Reporter's Notebook: A Journey Down the Yangtze
Correspondent returns after seven years and sees many changes.
Dec. 4, 2007 -- Yu Falun is a retired metals factory worker, and I met him on the banks of the Yangtze River above Yibin, picking colored stones from the water.
He is 63, has a winning smile and collects the stones as a hobby -- a peaceful pastime that gets him out by the river for hours at a time. For him the Yangtze is a geologic marvel, water wearing down stone for millennia, its slow changes over time producing smooth pebbles for someone with the patience and interest to find them.
When I told him I had come to China to see how people felt about their rapid economic change and growing power in the world, Yu just shook his head and laughed.

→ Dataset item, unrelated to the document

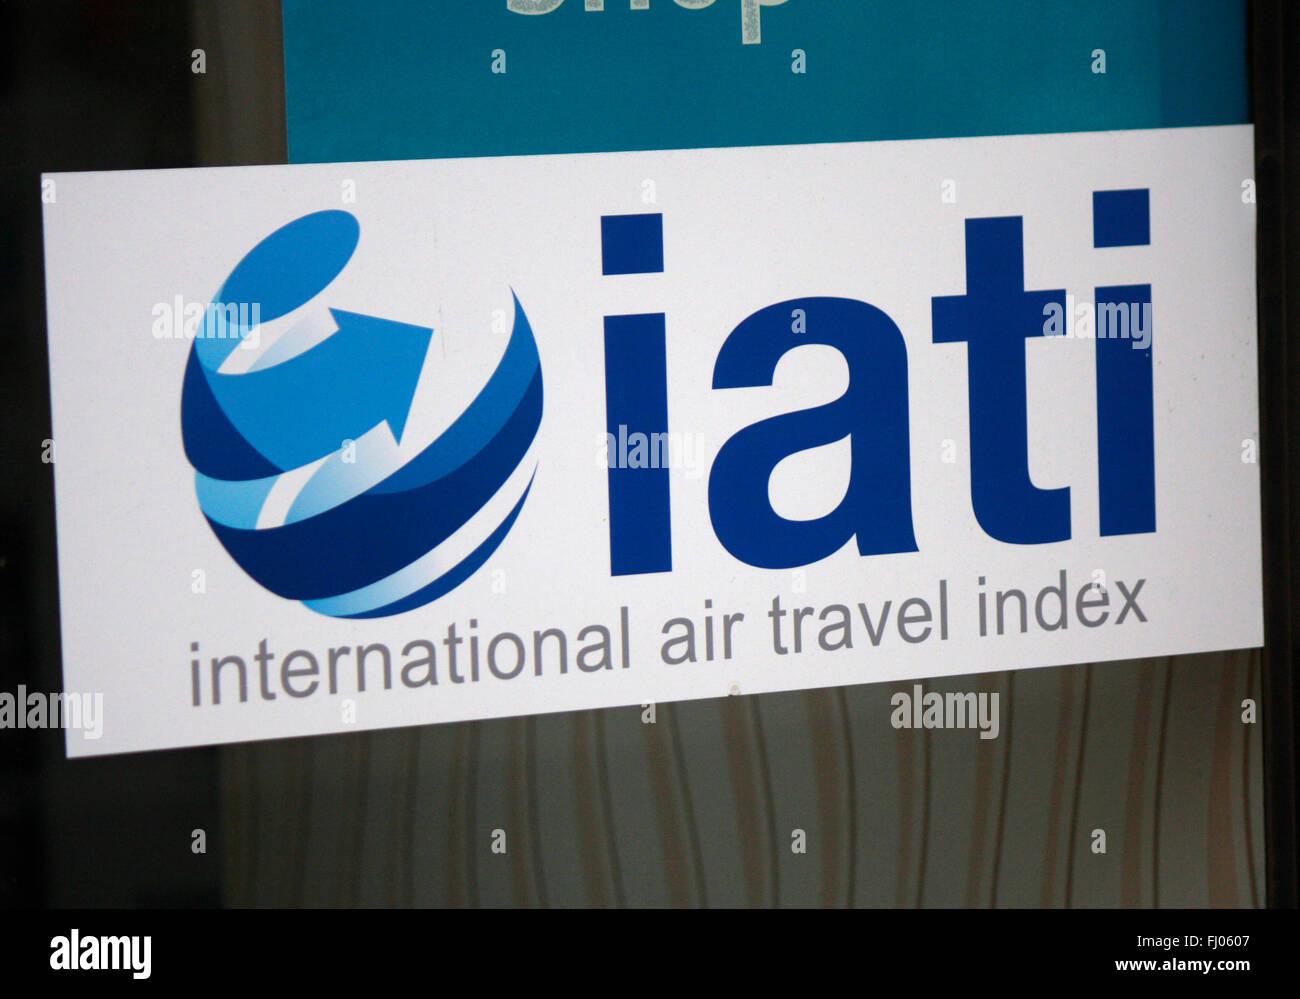 Markenname: 'Iati International Air Travel', Berlin. - Stock Image

China was not rich, he told me in tones one might use to explain the world to a small child. Didn't I know that the only thing they had was cheap labor? How could they make much money like that? No, no, "China," he said emphatically, "is still a poor country."
I know what he means -- there are still plenty of poor people in China -- by one estimate 150 million Chinese live in poverty on less than $1 a day. But 1,700 miles downriver, where the Yangtze flows into the sea at Shanghai, the country does not look poor at all. This is the fourth-largest economy in the world, growing at 11 percent a year, buying up foreign banks, oil companies, computer makers and huge swathes of African rainforest. Like the powerful Yangtze River, China is on the move, and it is getting rich -- fast.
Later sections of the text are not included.